No sane PM would go "hey let's take a huge chunk of our budget and spend it on native builds and QA for at least five different-enough-to-all-have-their-own-bugs linux platforms in addition to Windows, rather than spending it on actual game development for a single platform".
You realize that Linux has <2% market share across all distros and versions, each of which needs a different binary, right?
“We shipped Planetary Annihilation on Win, Mac, and Linux. Linux uses we're a big vocal part of the Kickstarter and forums.
In the end they accounted for <0.1% of sales but >20% of auto reported crashes and support tickets (most gfx driver related).
Would totally skip Linux.”
“By the end of my time at Uber I believe very nearly 100% of both crashes and support tickets actually for the game were still Linux related, even after significantly engineering time. Way more Linux specific time put into that project than any other platform.
And again, that was for a tiny fraction of the users.
Adding Linux support ended up likely costing Uber hundreds of thousands of dollars for a few hundred dollars in sales revenue.”
Have you ever worked in the games industry? Anything that has to be done costs money and needs to be very well justified. Making working Linux builds and testing them is not just switching a compiler flag.
It's a multi-week project that needs to be funded and takes away developer resources from actually making the game good, for an absolutely miniscule userbase that could play your game just fine without any drawbacks in Proton, for free. Valve pays for it because developers can't/won't.
Even if you fund a Linux port, it basically ends up abandoned because there is no money to maintain it - updates will only go to Windows. There's even games that don't have working DLC in their Linux-native versions.
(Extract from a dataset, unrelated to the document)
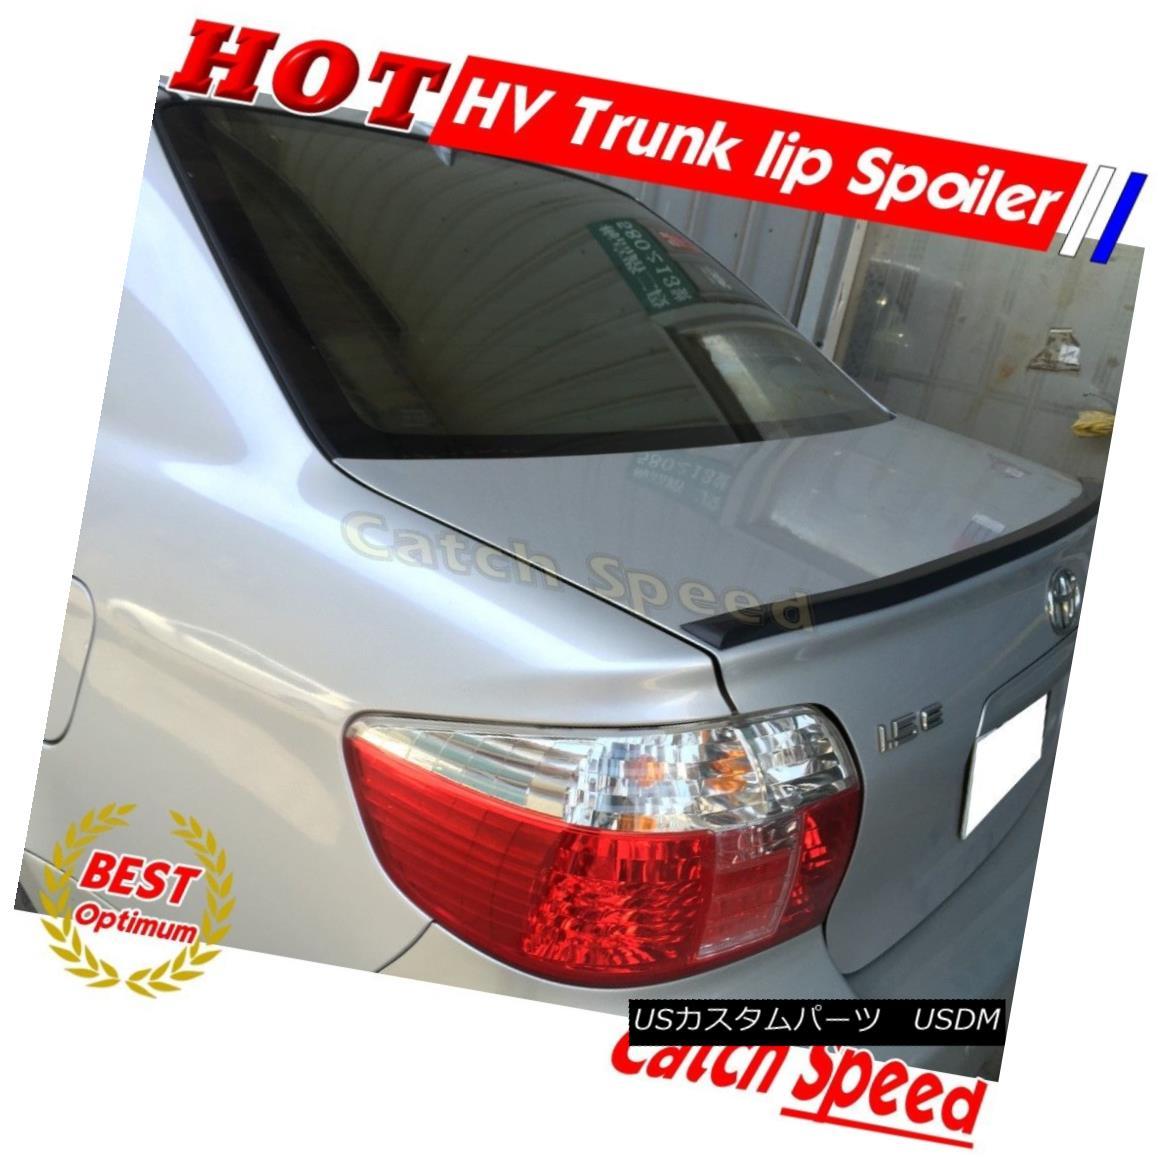 エアロパーツ Painted HV Type Rear Boot Trunk Lip Spoiler Wing For Acura CL 2001 02 03 Coupe ? 塗装HVタイプリアブーツトランクリップスポイラーウイングアキュラCL 2001 02 03クーペ?

I suppose you would then statically link all gpu drivers into your graphical application? And whenever a new gpu or a new driver is released, you will recompile your application. In case a new driver drops support for older cards, you would then include multiple versions of the driver in your binary. Naturally your binary will be several hundred megabytes large. An interesting idea. I was not aware that proprietary drivers even allowed this.
Graphics drivers is one of the rare if not the only pain point with static linking. The reason is that drivers in general should be part of the kernel but GPU drivers are running in userspace. Proprietary blobs, fast evolving hardware and as a result fast changing APIs are to blame.
But on the other hand high level GPU APIs are pretty stable and in general backwards compatible. A program from the year 2000 that only links against OpenGL would still run today (with x86 libs obviously). This means to static link as much as possible still has value.
Any distros following this philosophy? Apart from solving the constantly breaking packages problem it sounds like it would also have the fastest installs (at the cost of increased disk usage, though perhaps fs-level (block-level) deduplication could offset this?
I've always preferred Windows binaries for closed stuff to Linux ones. If you're not going to open source you thing then don't even bother developing Linux Binaries, we'll just run it in Wine.
My understanding with the suspend/resume stuff they've talked about for the Deck is less about actually suspending/resuming the game by syncing some low-level state like memory or graphics, and more about quickly syncing save games via Steam cloud saves.
I only had a quick look over their docs when the Deck was announced and from what I could tell you basically opt into a new system-level save behavior where at any point the Steamworks library can tell the game "this device is going to suspend now, save your progress" then another computer can start the game and immediately load up the save file, giving the impression of seamless suspend/resume.
So as long as your save game files aren't OS specific in some way there's no reason why this should lock you into any specific platform, Windows or otherwise.